Bereft of Reason:

        On the Decline of Social Thought and Prospects for its Renewal

 by Eugene Halton

Published by The University of Chicago Press, 1995, paper, 1997.




Excerpt from chapter 3, The Cultic Roots of Culture

    ...By beginning with a brief tour of the contemporary landscape of culture theory, I hope to show how current conceptions of meaning and culture tend toward extreme forms of disembodied abstraction, indicating an alienation from the original, earthy meaning of the word culture.  I will then turn to the earlier meanings of the word and why the "cultic," the living impulse to meaning, was and remains essential to a conception of culture as semeiosis or sign-action. Culture and biology are often treated by social scientists as though they were oil and water, not to be mixed. I am fully aware of the assumed nature-culture dichotomy, but I reject it, not because I am a sociobiologist, quite the contrary, but rather because I am a semiotician, and my studies of signs have led me toward a critical reconstruction of the concepts of nature and culture. In my perspective, culture is a living, social metaboly of signs, not limited to a convention but in transaction with the inmost recesses of the person, and with the qualitative, physical, and significant environment. The question is not whether culture is a "system" or not, but whether we shall continue to conceive of culture as an inert, mechanical system or code, incapable of self-critical cultivation, or as a "living system"--a way of living--fully open to contingency, spontaneity, purposive growth and decay.

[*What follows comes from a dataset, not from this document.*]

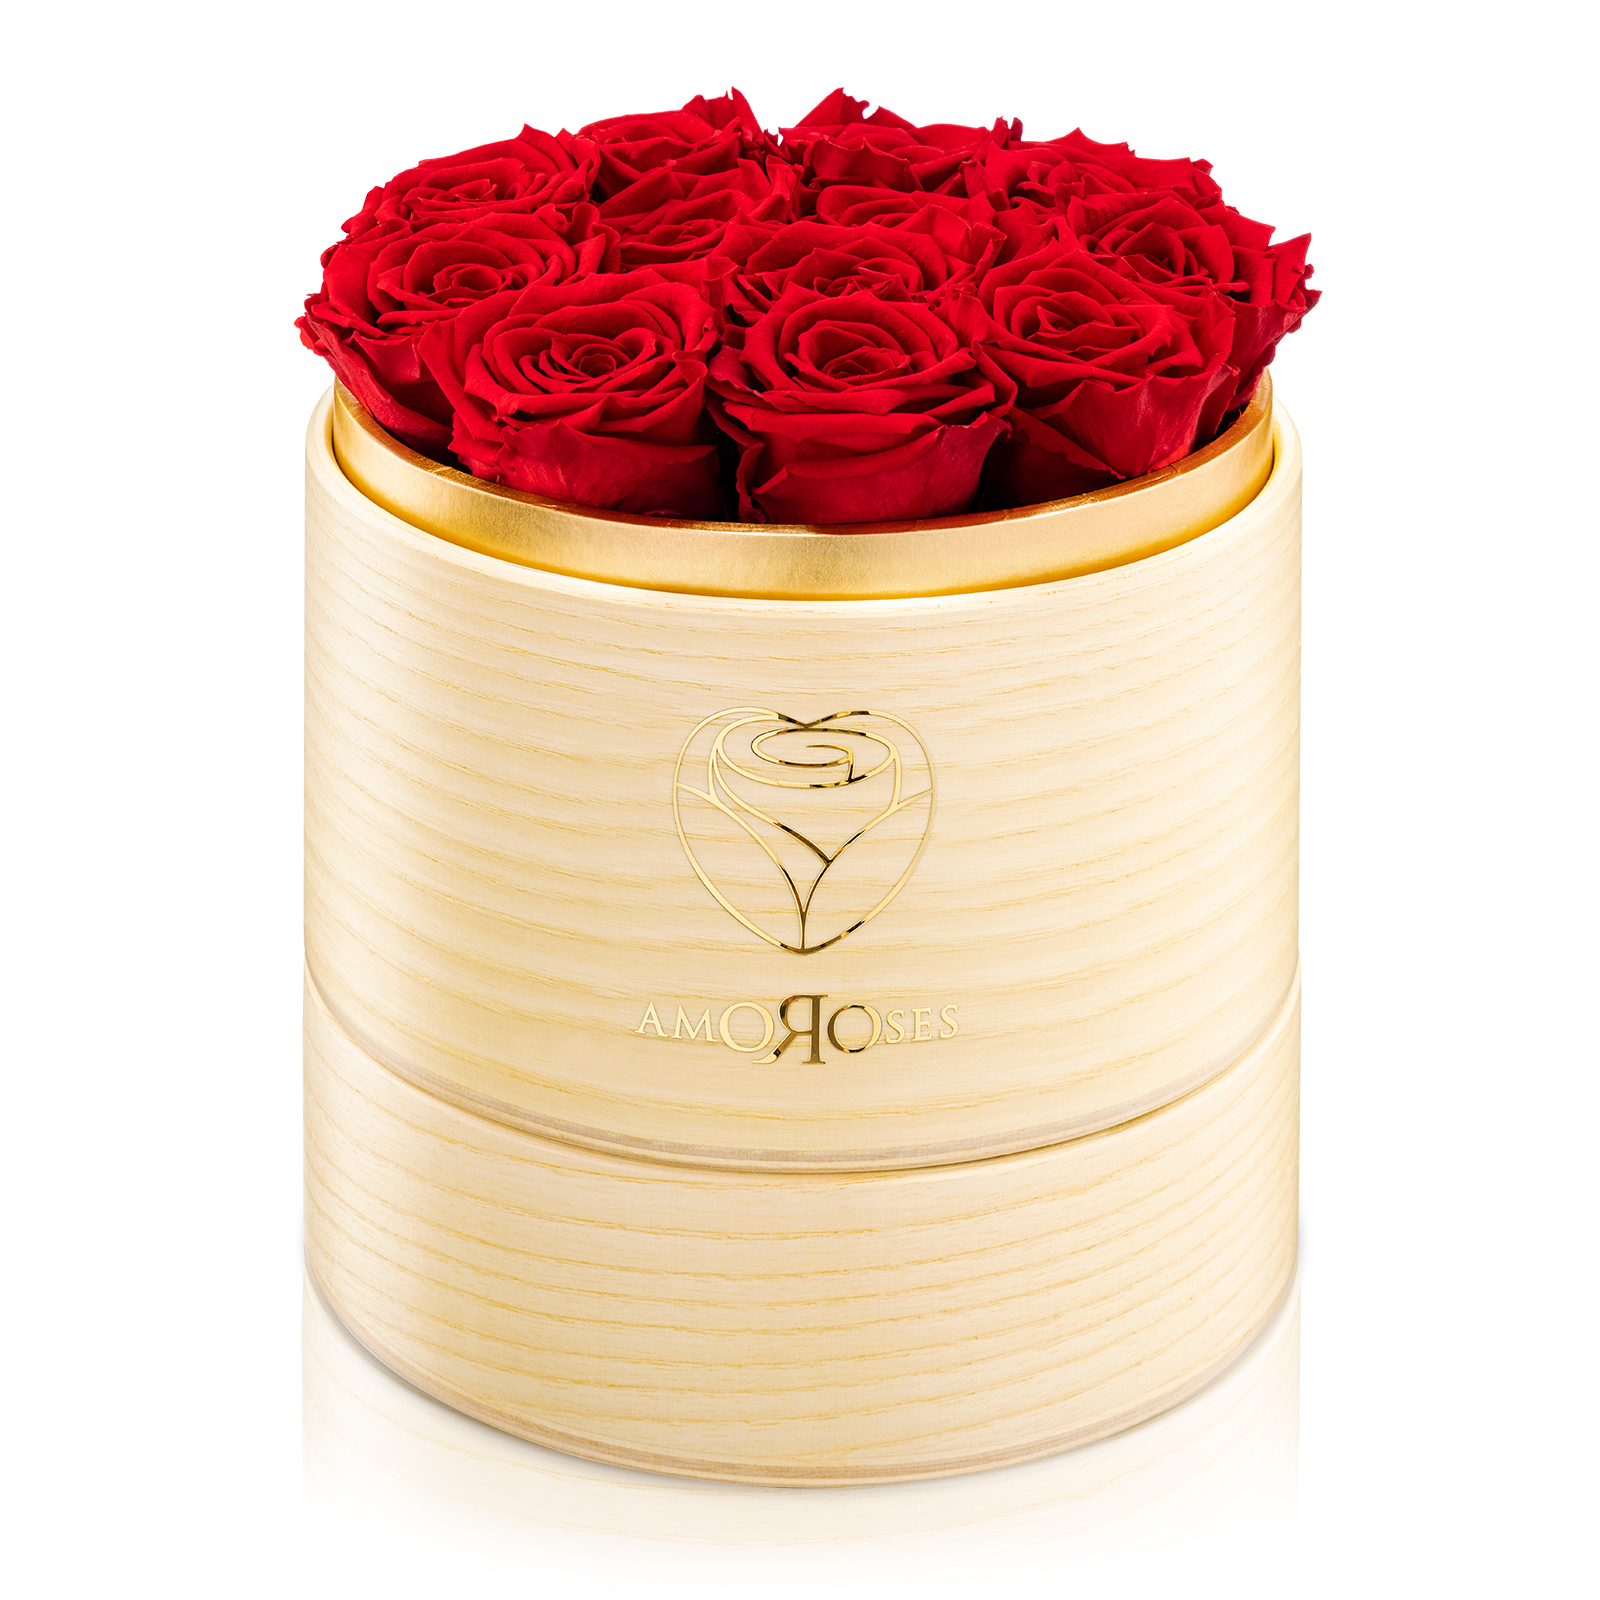 Amoroses SUPERIOR - Scatola in legno naturale fatta a mano con 12 rose rosse stabilizzate

    Putting the "cult" back into culture requires a reconception of the relations between human biology and meaning, and between non-discursive, non-rational reason and modern rationality. Such a reconception involves considering how the technics of the biosocial human body itself form the primary source of culture. In contemporary modern culture in general, and intellectual culture in particular, we have unnecessarily narrowed our conceptions of meaning and culture. By outlining a broad historical reconstruction of human consciousness and communication--that is, by reopening the questions of evolution and philosophical anthropology, which have been pushed to the periphery of social theory--we can see why culture seeps into our very biological constitution:  cultus, the impulse to meaning.

    To the extent that we deny our organic apehood, we remain ignorant of what we are most assured--our deeply embedded signifying nature--and become not much more than Kafka's thoroughly civilized, yet utterly devitalized, ape.
.........

    We need to find the means out of our post-human world back to being human again. The modern age of "humanism" resulted, paradoxically enough, in an ever-growing dehumanization, which crystallized in the twentieth-century. Today, postmodernists extol anti-humanism, in favor of "decentered" selves who are but instances of conventions. Hence the author is dead and the poet is but an ideologue and politician, and the qualitatively unique individual is merely a fiction. Such views can be seen as part of the quest to eradicate the human person, which was the underlying ethos of the mechanical world-view. Being human is something we have been all too easily surrendering. But being human in the modern humanist's sense is itself no longer adequate for a world undergoing ecological disaster because of the exercise of human power and will. Though it remains opaque to those still committed to the ghost in the machine, being human involves, among other things, being a living creature in continuity with organic life and with forms of reason we do not yet know, either because they are too deeply embedded in our consciousness, or because we have not yet brought them to life.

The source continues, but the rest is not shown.